# Hawaiin Black triggerfish



## wseidl515 (Apr 12, 2012)

Can a hawaiin black trigger be housed in a 90 gallon tank? What are the pros and cons of this particular fish. Thanks for any and all suggestions.


----------



## Reefing Madness (Jun 26, 2011)

4' tank length is alittle small for this one, 6' tank is recommended, his adult size is around 1'2" to foot and a half.


----------



## Stingray81 (Jun 21, 2011)

A 90g is a great size for this fish, Easy care and like most triggers not big on swimming.
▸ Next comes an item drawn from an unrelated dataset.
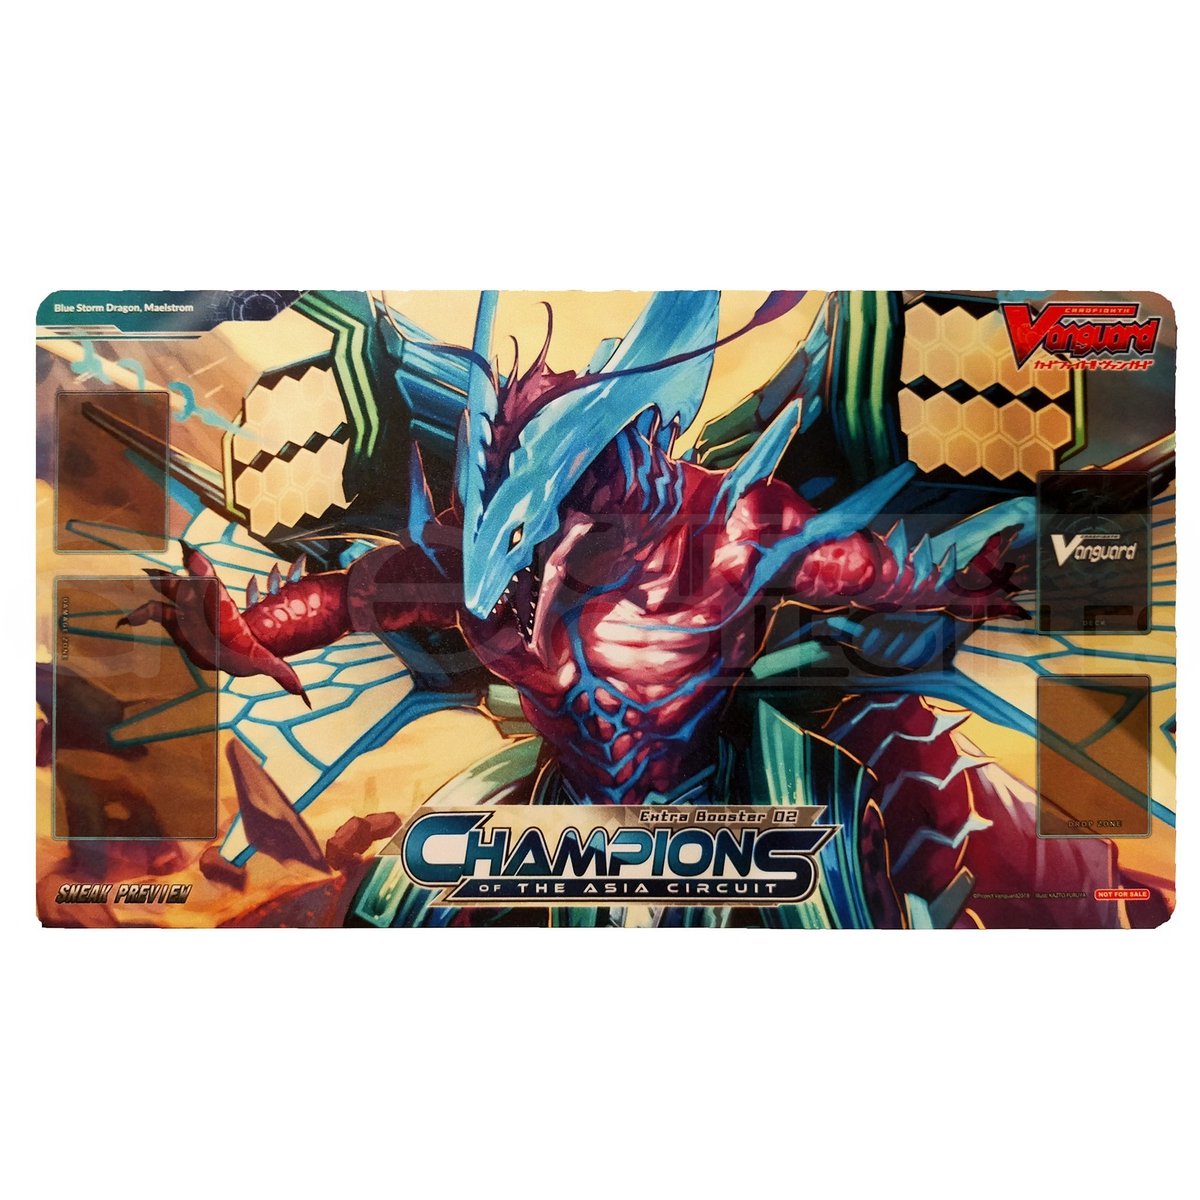 Cardfight Vanguard Playmat "Blue Storm Dragon, Maelstrom" (VG-V-EB02)-Bushiroad-Ace Cards & Collectibles
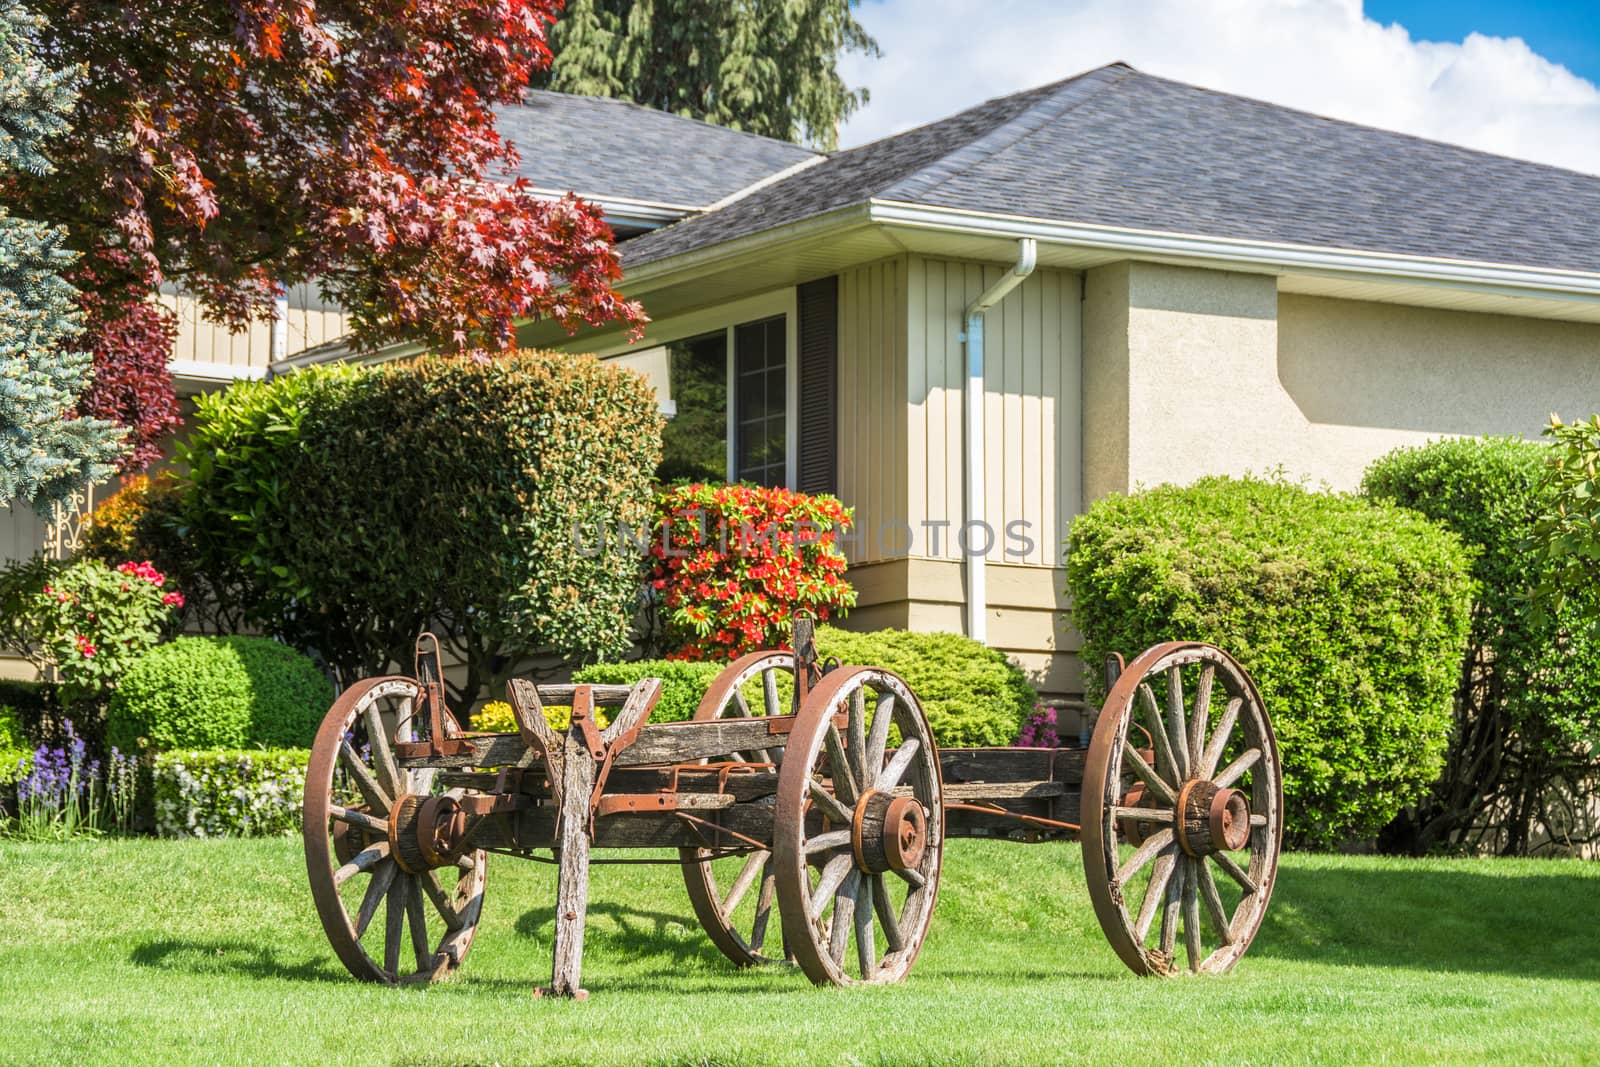 Front yard in residential community creatively landscaped with old horse vehicle by Imagenet

However You may have to upgrade or remove in the far future I've seen these triggers get 1ft long which IS too big for a 90 gallon. Overall a beautiful Fish with really cool neon blue lines you should be really happy with it. also NOT REEF SAFE! At all.
_Posted via Mobile Device_


----------



## wseidl515 (Apr 12, 2012)

Thanks for the help guys, I went with the blue Jaw trigger instead.


----------



## Reefing Madness (Jun 26, 2011)

wseidl515 said:


> Thanks for the help guys, I went with the blue Jaw trigger instead.


 :nicefish:


----------



## wseidl515 (Apr 12, 2012)

He has been in the tank for 2 weeks now and is eating well. He still spends a lot of time hiding in the rocks, unless it's feeding time, but I have noticed that when he is out swimming around he keeps his tail closed. Is this normal behavior or should I be concerned. I watched him at the LFS for 2 months and he never had it closed there.
_Posted via Mobile Device_


----------



## Reefing Madness (Jun 26, 2011)

His tail closed? I don't understand. ??


----------



## wseidl515 (Apr 12, 2012)

Sorry for not clarifying, his tail is not fanned out it's always in the pinched position. It does not seem to be slowing him down any because he is like a little torpedo all over the tank at feeding time.
_Posted via Mobile Device_


----------



## Reefing Madness (Jun 26, 2011)

AH, I see. he'll be ok, given some time. No worries.


----------



## wseidl515 (Apr 12, 2012)

Thank you for your help.
_Posted via Mobile Device_


----------